I understand that people thought it was funny when a hatchet-wielding hitchhiker who stopped a huge mentally ill man from killing people by hitting him over the head with the blunt end of a hatchet gave a moronic, obscenity-laced interview for the local news. And I can understand how people might have admired the moron. He appeared on the Jimmy Kimmel Show and had a following on the internet. But now...
Now he's been arrested for murdering a man, beating him to death with a blunt instrument.
Years ago, I was reading a biography of Charles Bukowski. It described one incident. Bukowski went to a reading by William S Burroughs. He tried to talk to Burroughs and felt Burroughs had snubbed him. He became extremely angry.

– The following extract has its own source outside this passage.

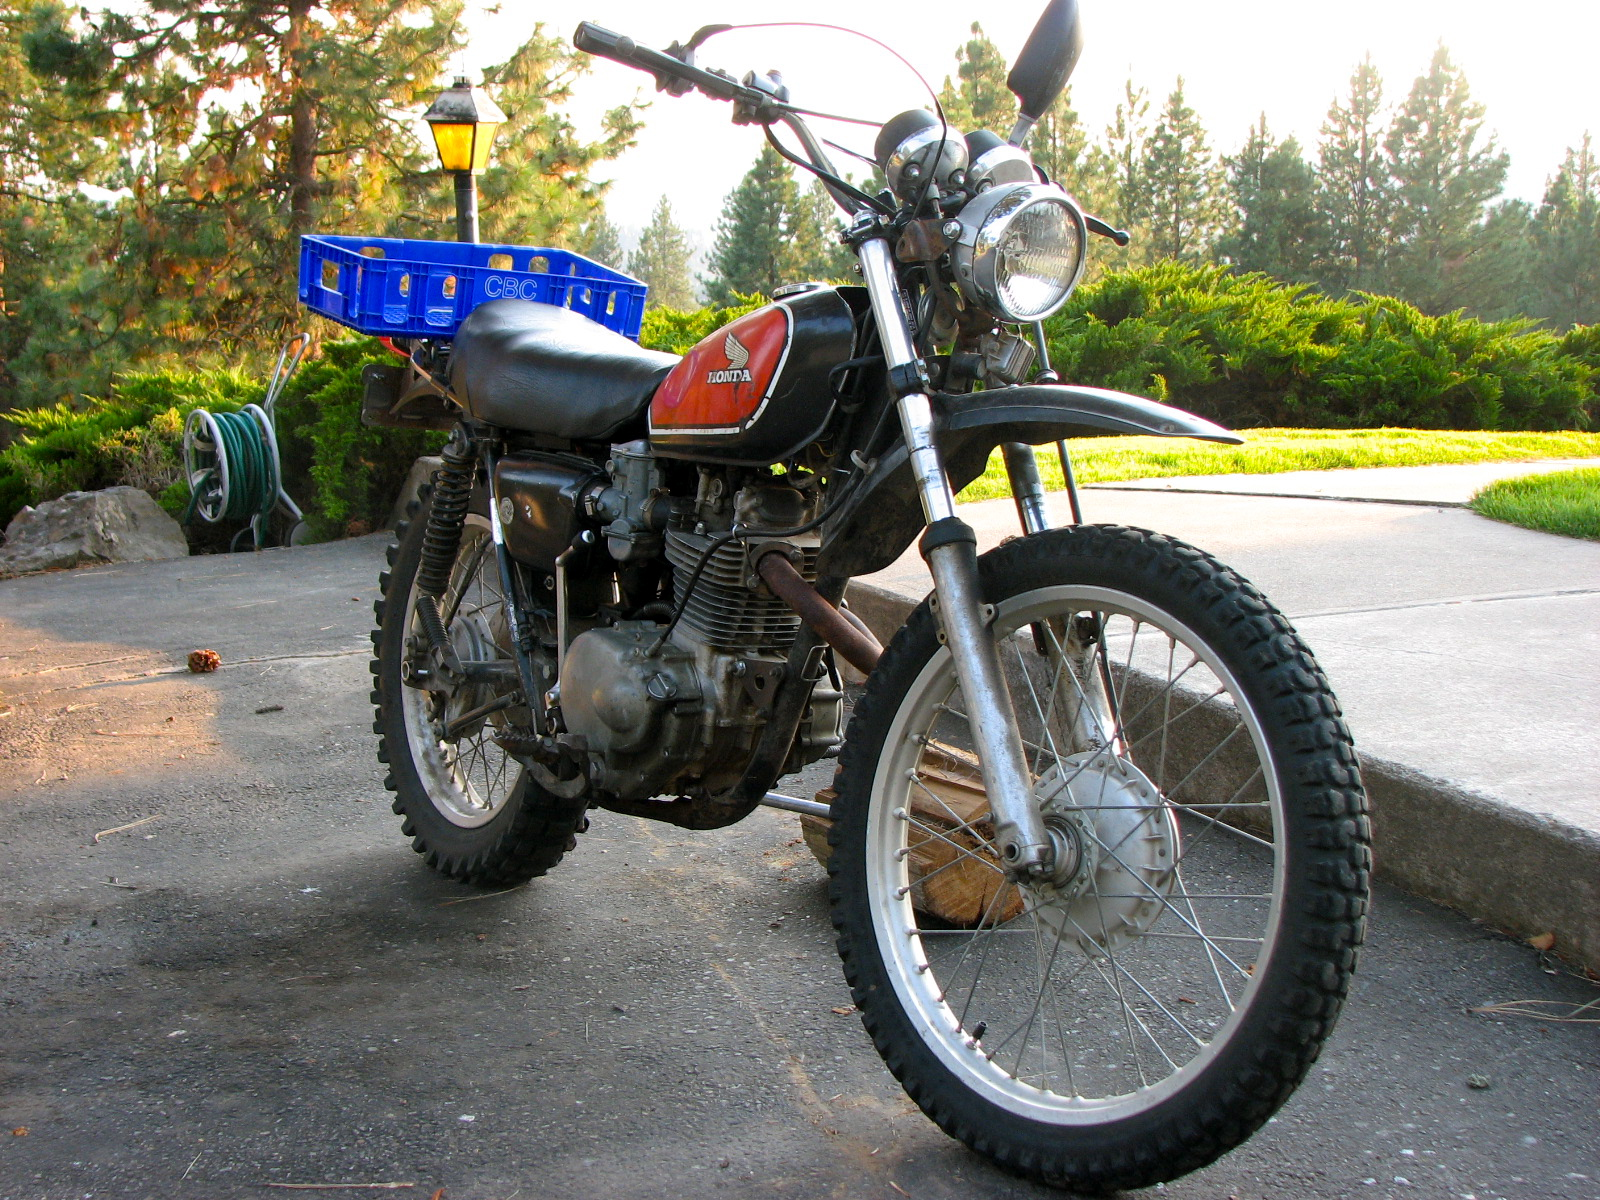 1975 honda xl250 975 located in coeur d 39 alene idaho for Honda coeur d alene

Look at him! I could knock him down with one punch! Bukowski said to Harold Norse.
Yeah, but you'd be dead because he'd shoot you, Norse said.
And I felt a fleeting admiration for William S Burroughs, a thin, frail old man who was far more dangerous than Bukowski or Norman Mailer or any of these other violent, thuggish writers who like to brag about how tough they are.
Then I remembered that Burroughs killed his wife in Mexico City while he was drunk, trying to shoot a glass off her head like William Tell. He fled the country and was convicted of manslaughter in absentia.
It's like Kanye West. It was admirable when he was on a telethon raising money for victims of Hurricane Katrina. He went off script and talked about the undeniable racism in the media against black victims there. "George Bush doesn't care about black people," he said. He became a hero to quite a few people.
But then he did it to Taylor Swift and it seemed so much less charming.